Abstract:
Axonal branching process is an essential mechanism for forming complex neural
circuits by facilitating in the formation of multiple synaptic connections with multiple
target-fields. Even though the axonal branching mechanism is still poorly understood,
several potential candidates might have a role in the axonal branching process, but our
attention went to FMN2 protein due to its increased expression level in the nervous
system of mammals and few studies implicating FMN2 with intellectual disabilities.
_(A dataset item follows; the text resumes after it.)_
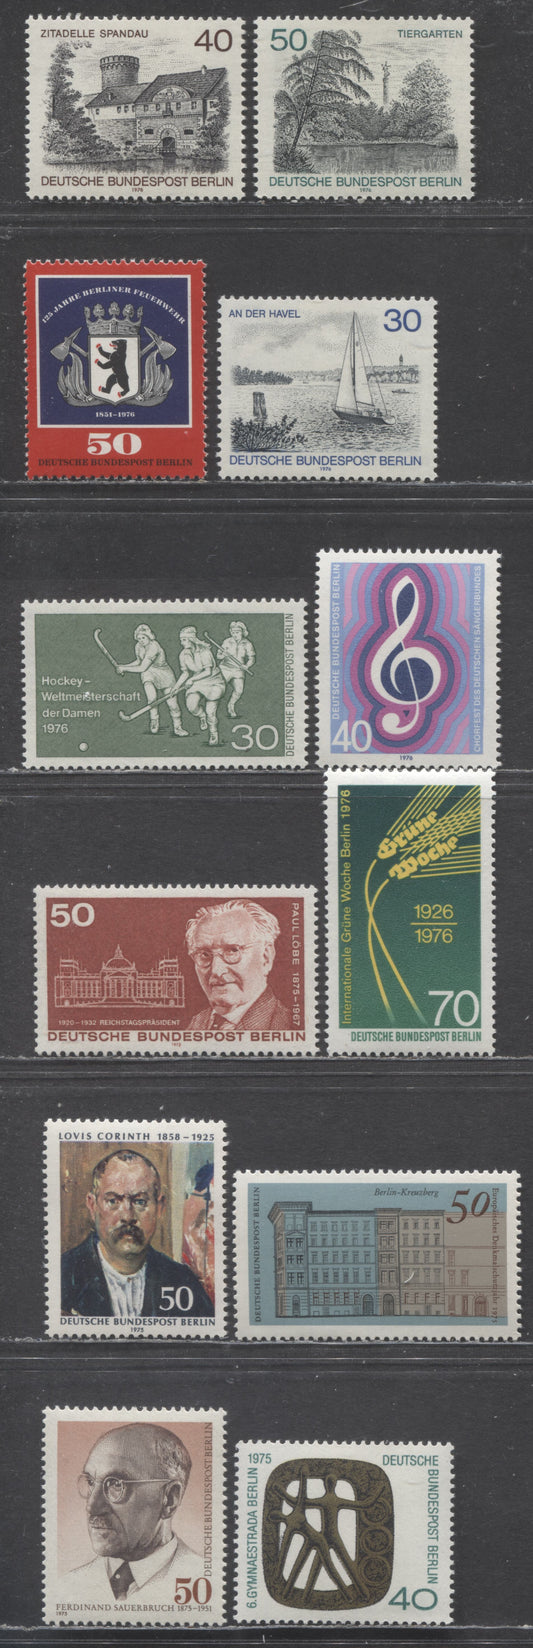 Berlin-Germany SC#9N379-9N390(Mi#492/531) 1972 Saurbruch - Berlin Views Issues, 12 VFNH Singles, Click on Listing to See ALL Pictures, Estimated Value $10 USD

FMN2 is actin nucleation and elongation protein from a well-known Protein family called
Formins. There are studies confirming FMN2 being an actin bundling and microtubule
interacting protein. These diverse functions with the cytoskeletal system found to be
useful in an axonal branching process. From this project, actin nucleation and
elongation activity of FMN2 was found to be regulating the protrusive activity. The actin
patch majorly governs initiation of a protrusion and FMN2 was found to be influencing
actin patch dynamics also. Depletion of FMN2 in neurons significantly reduced the
lifetime and area of actin patch in the axon shaft and by overexpressing the FMN2 in
neurons displayed a distinguishable increase in actin patch lifetime. Still, there is a lot to
be understood about axonal branching mechanism from the perspective of FMN2.
Hence this project is going ahead in search of that.